**About this task**
Repeat exactly, and only, the lines of the entries below from the one with "Sheet steel top" through the one with "Trimetal Permacryl Fx Satin 2,5 Liter", both ends included.

**Exercise materials**

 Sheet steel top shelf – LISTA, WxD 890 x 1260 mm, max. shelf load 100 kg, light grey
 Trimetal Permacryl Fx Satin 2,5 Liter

--

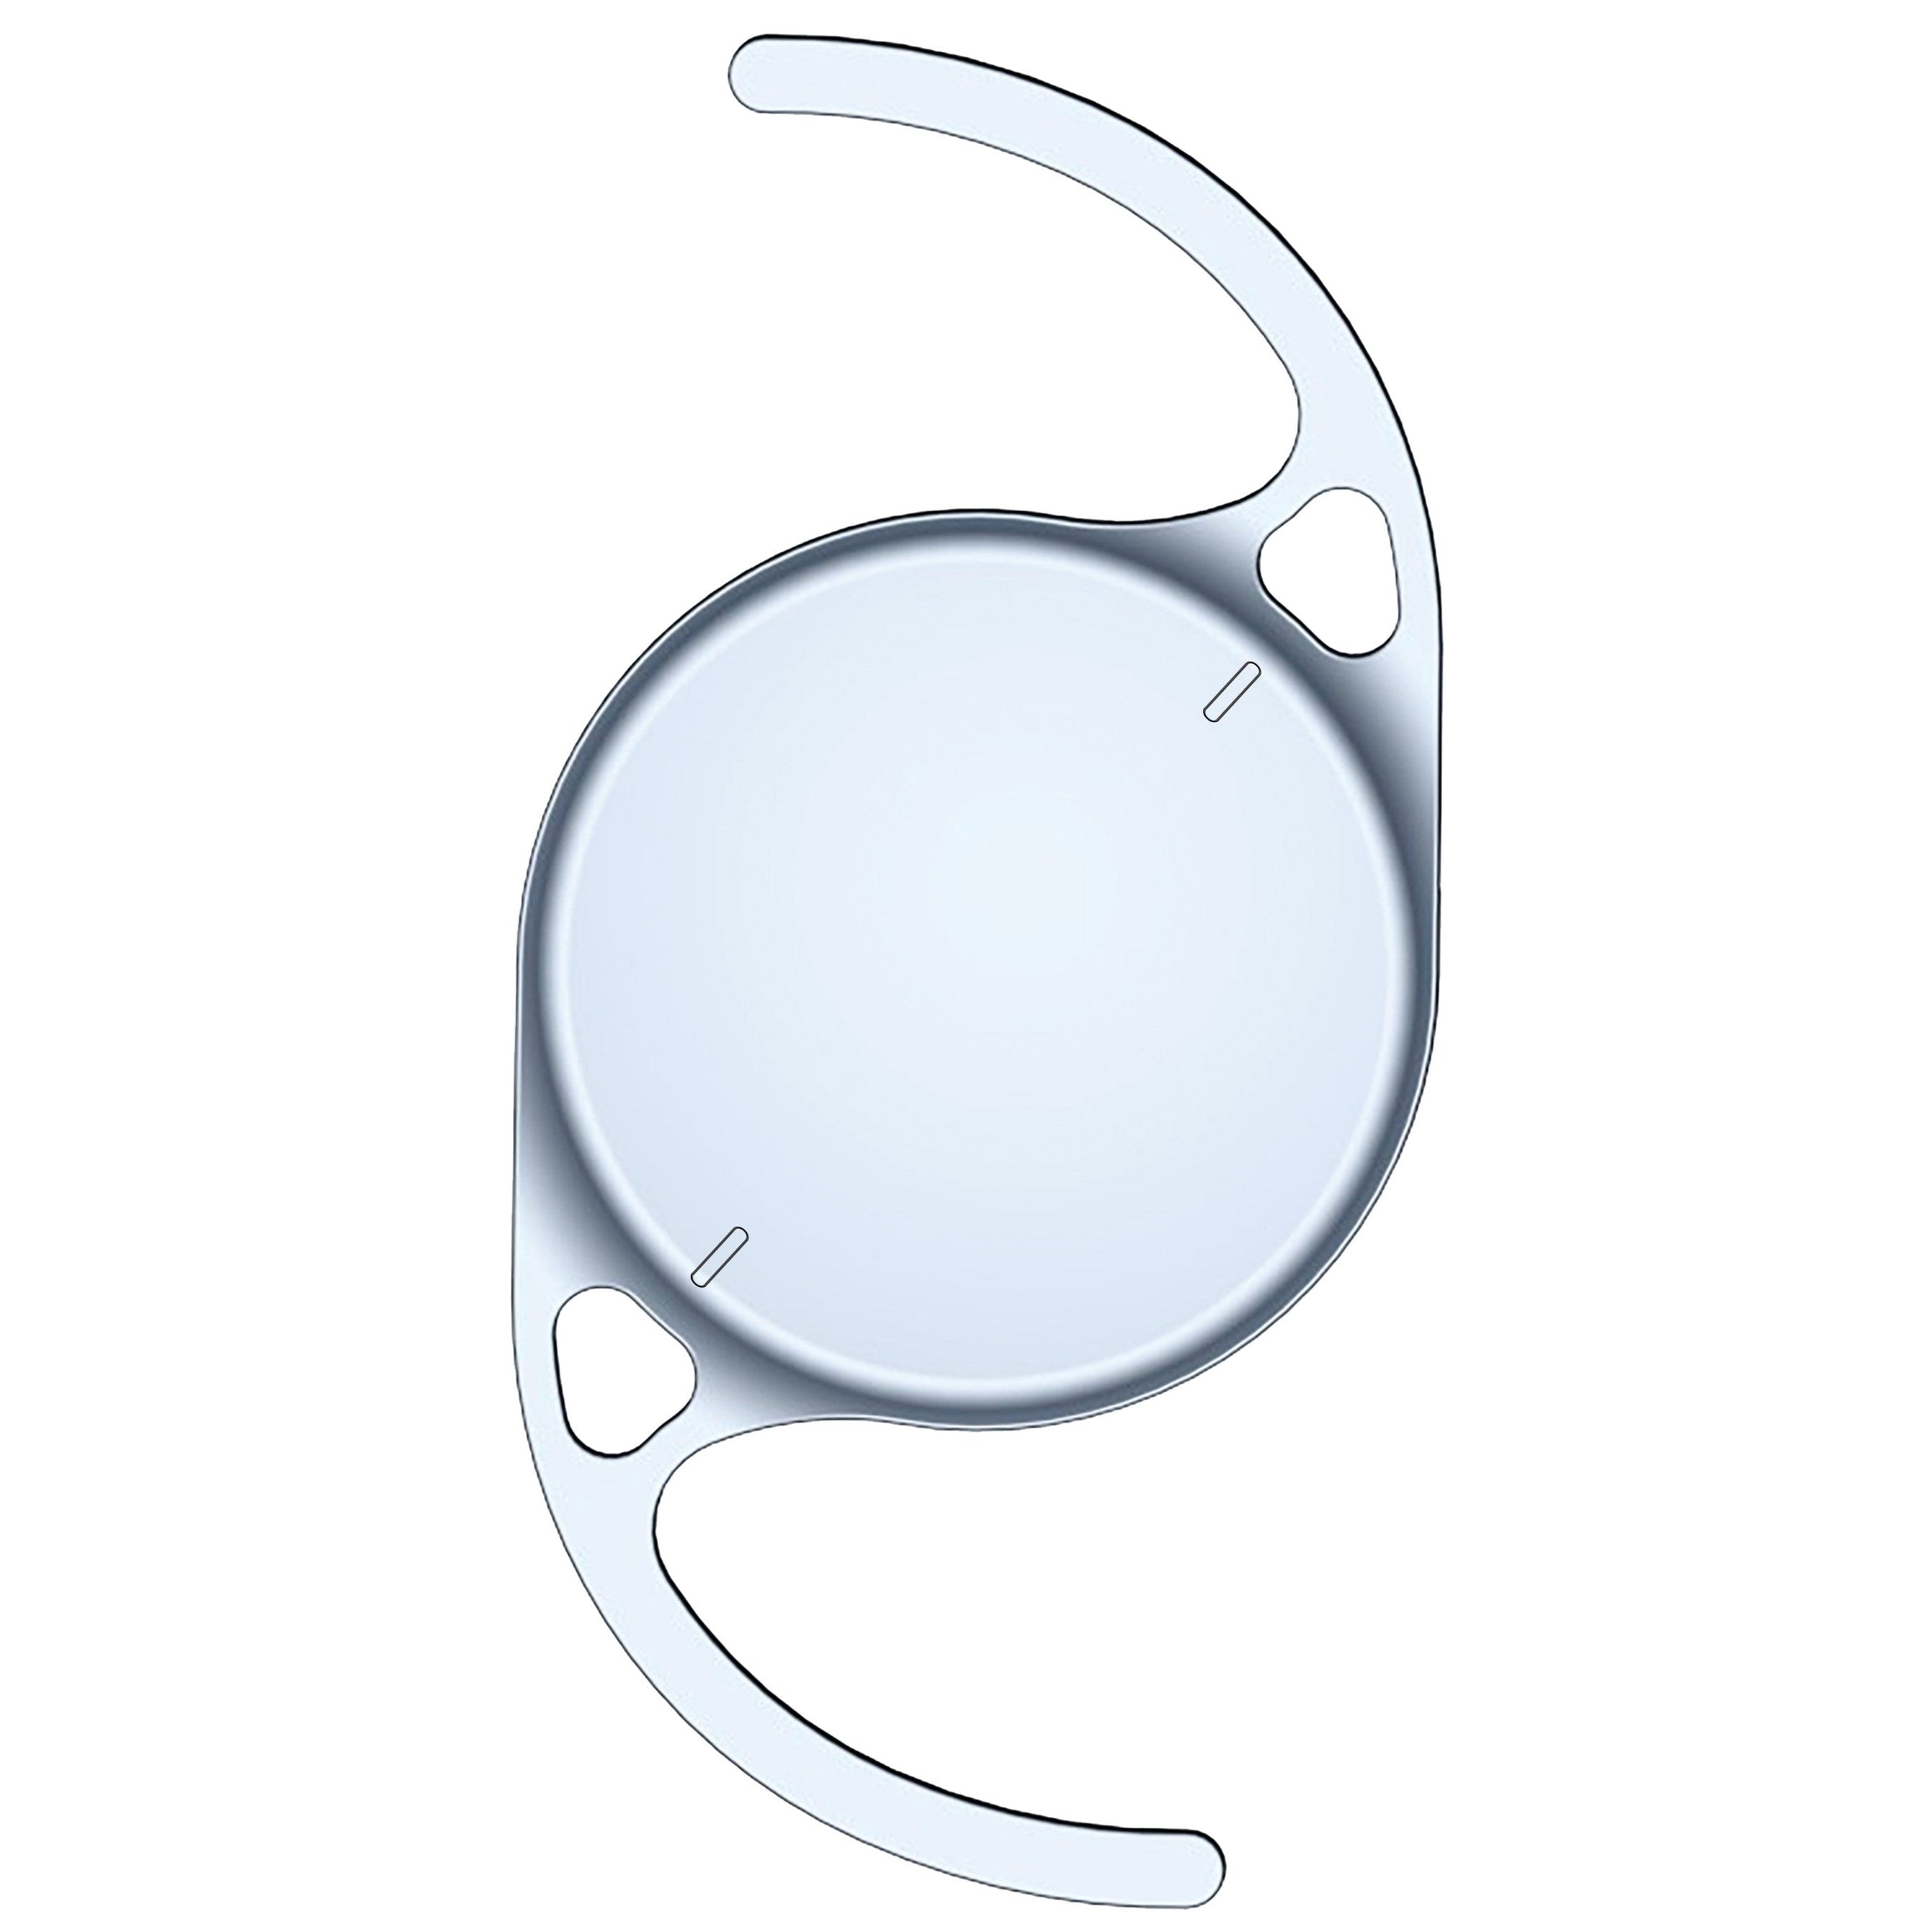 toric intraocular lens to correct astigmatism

**Solved problem**
 Sheet steel top shelf – LISTA, WxD 890 x 1260 mm, max. shelf load 100 kg, light grey
 Trimetal Permacryl Fx Satin 2,5 Liter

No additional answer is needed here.